The participationist model requires workers to change their original life trajectory and move to a specific place to complete a task. Liu et al. [44] developed a participant selection framework, TaskMe, which considers two different multi-task allocation scenarios. For FPMT (few participants, many tasks), two algorithms based on minimum cost maximum flow theory were proposed to maximise the total number of tasks completed while minimising the total distance travelled. For MPFT (many participants, few tasks), two algorithms based on multi-objective optimisation theory were proposed to minimise the total incentive payoff and the total distance travelled.
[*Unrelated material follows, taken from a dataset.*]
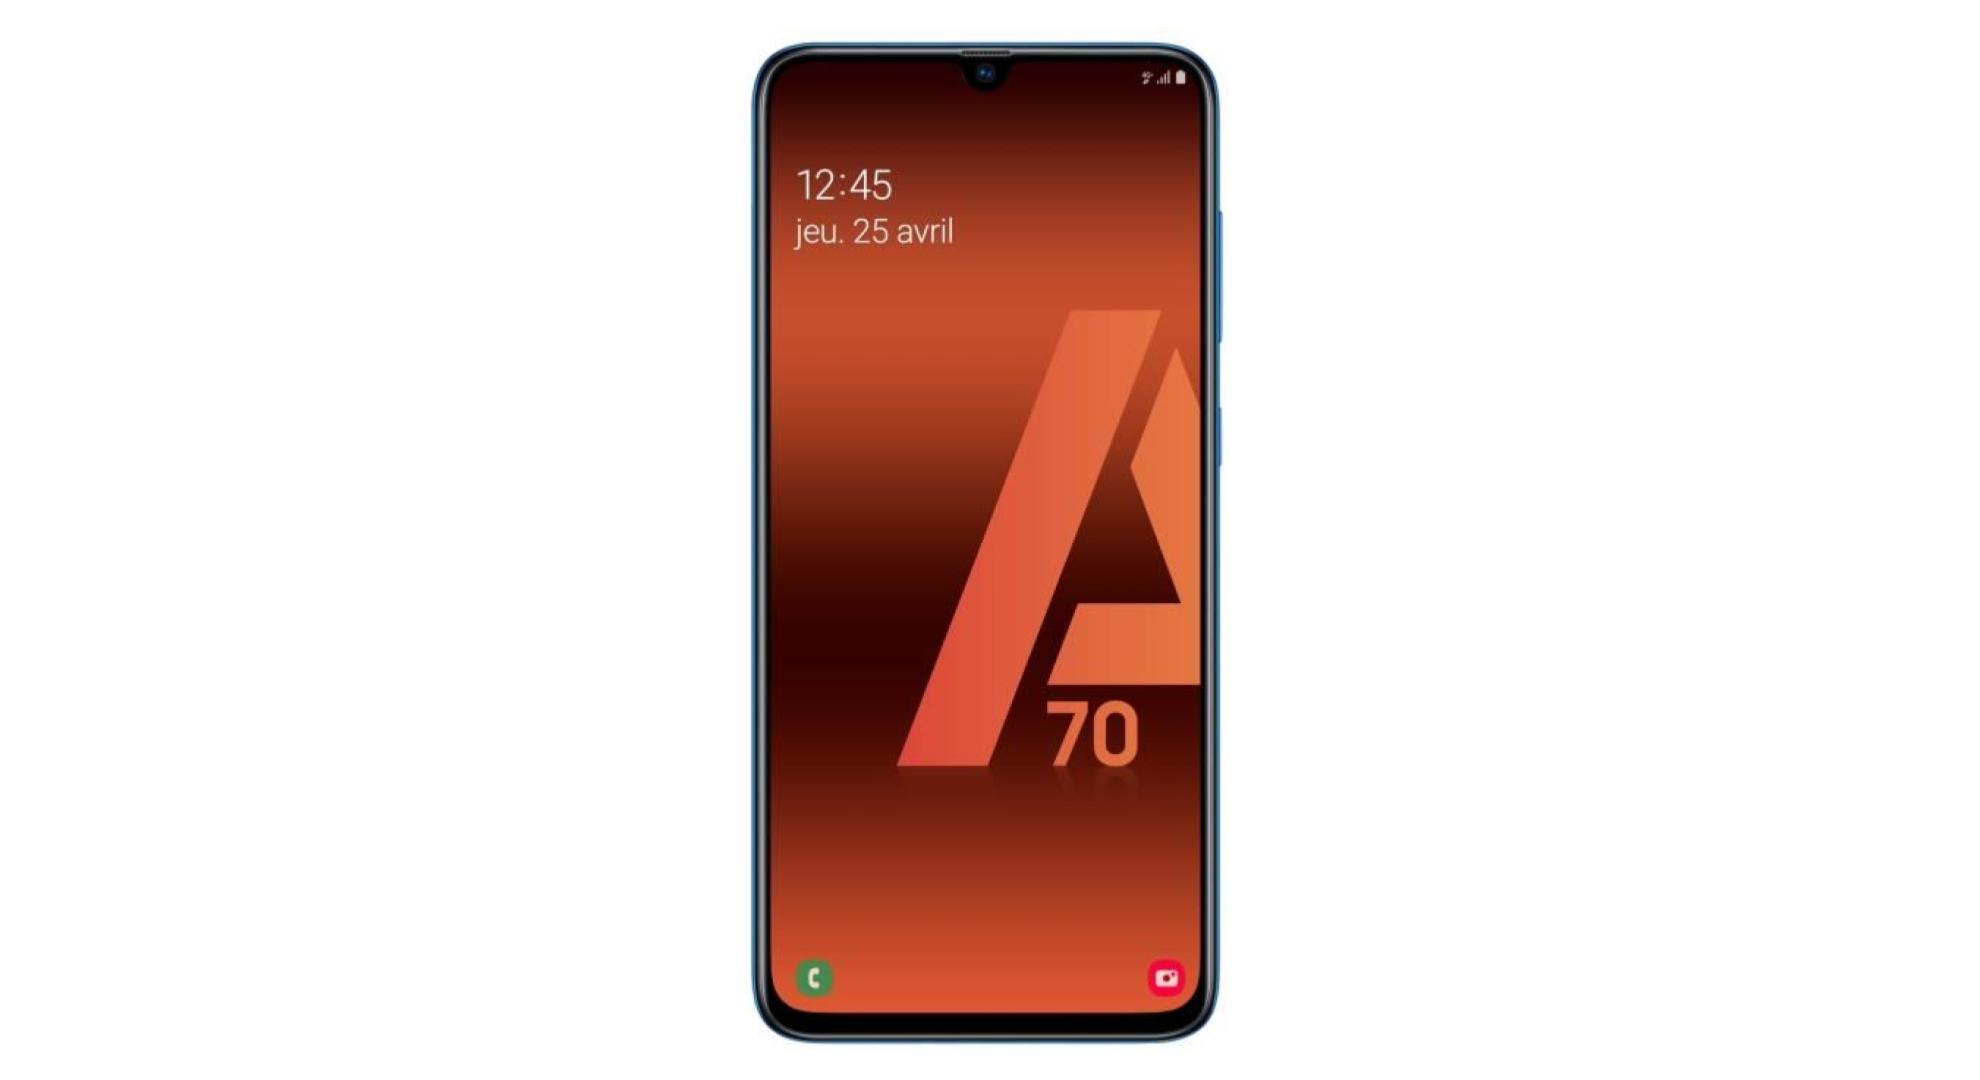 Où acheter le Samsung Galaxy A70 au meilleur prix en 2020 ?

Estrada et al. [45] proposed a service computing framework for time-constrained task allocation in a location-based crowd-aware system to maximise the quality of information aggregation, reduce the budget and response time for performing tasks and improve the reputation of average recommenders and their payoffs.

In addition, in existing studies, platform benefits, data quality and sensing costs are only considered from a single perspective of the platform or the participant, and there is always one side of the concern that is overlooked. Therefore, in this paper, we take into account the benefits of the platform and the experience of the participants and consider the task allocation of MCS from a holistic perspective, with the goal of maximising platform profit while minimising workers’ travel distance and response time received by users. Furthermore, in some of the studies, the travel time and distance of workers were not clearly defined. For example, Gong et al. [46] considered the movement path of workers to maximise the sum of task quality but did not consider the actual travel time versus distance. This is a serious problem when considering time-sensitive tasks in MCS applications. Therefore, to increase the usefulness of the model and to better fit the real-world scenario, we defined the travel speed of each worker and the time limit of the sensing task, considering constraints on the total budget, the maximum distance the worker can move and the task response time.
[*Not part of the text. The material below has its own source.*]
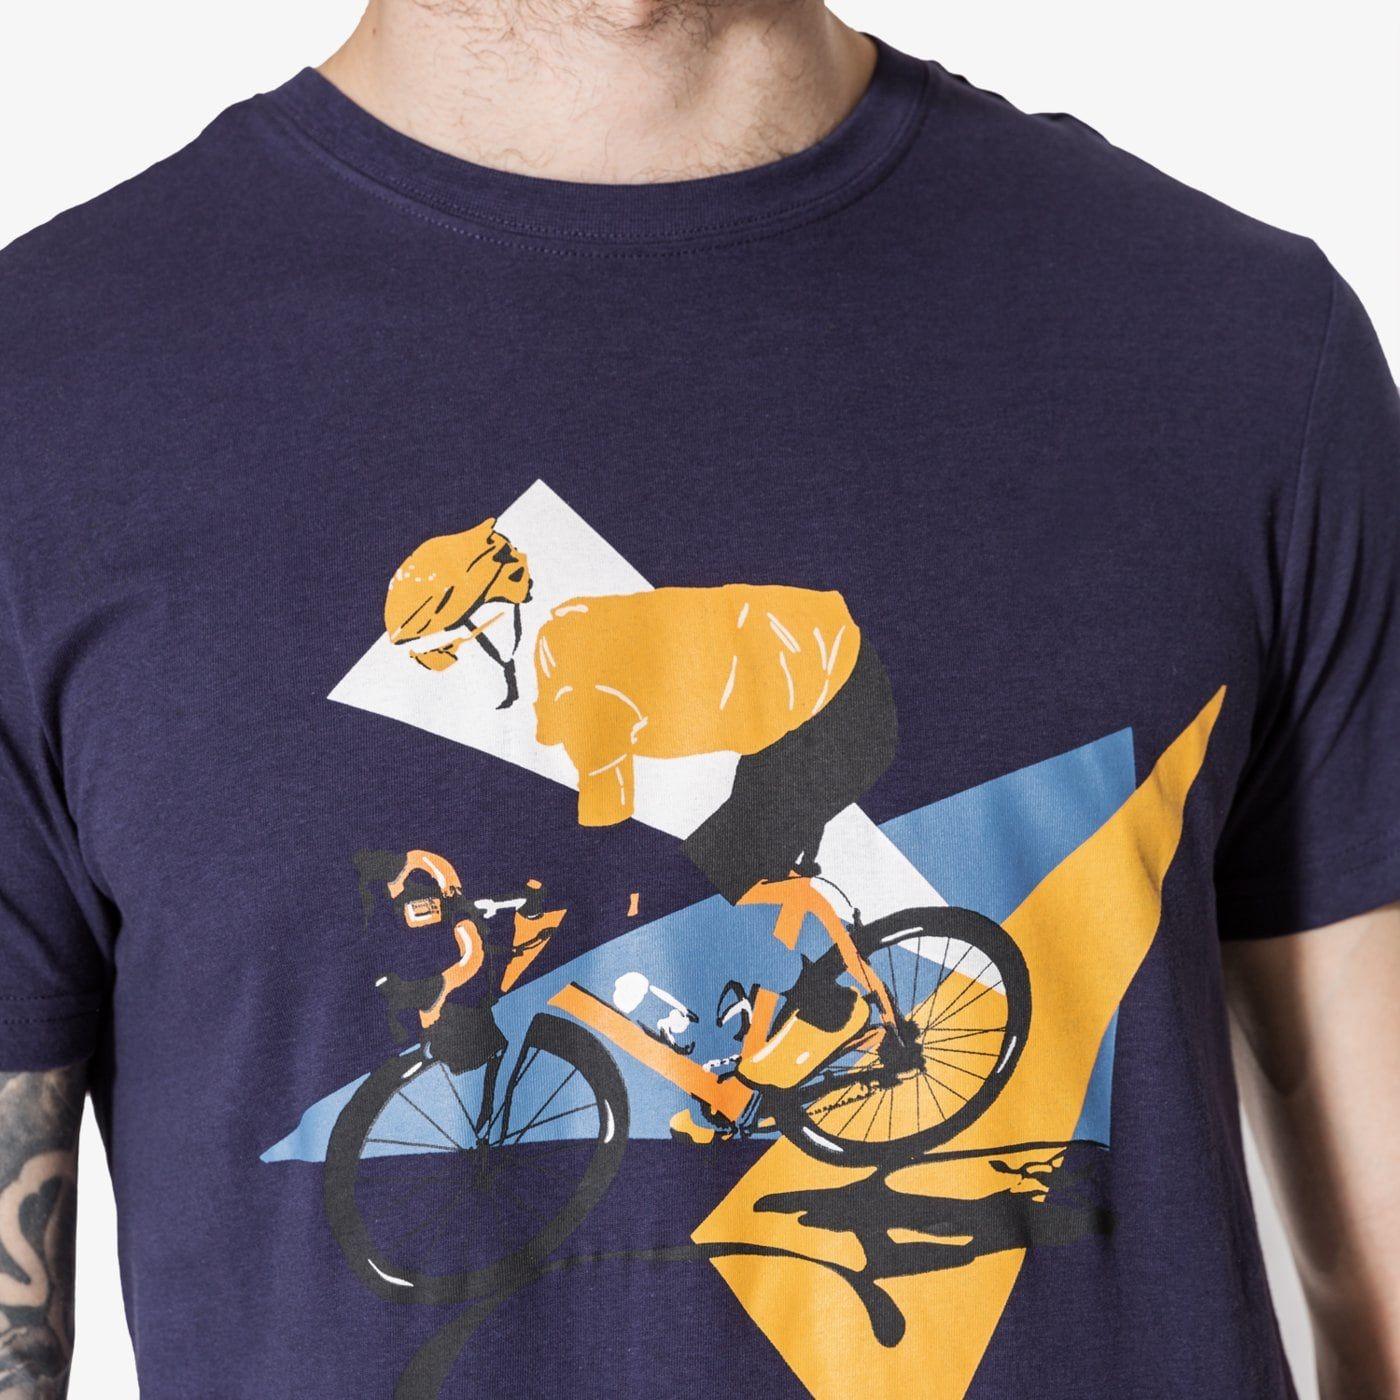 Koszulki confront z Sizzer

2.2. Deep Reinforcement Learning

Reinforcement learning is a subset of machine learning [47], unlike supervised learning [48], which requires labelled training data to train a model. Reinforcement learning mainly explores the environment through the agent autonomously, takes actions to act on the environment and obtains feedback from the environment. It also learns how to make decisions in ideal situations so as to maximise the cumulative reward. Traditional reinforcement learning primarily relies on a tabular approach, wherein action-state values of discrete environments are stored in table format. However, this approach has limitations, as it becomes cumbersome to handle large numbers of states and actions. Q-tables can grow significantly in size, requiring extensive time and storage resources for search and storage and are susceptible to the curse of dimensionality.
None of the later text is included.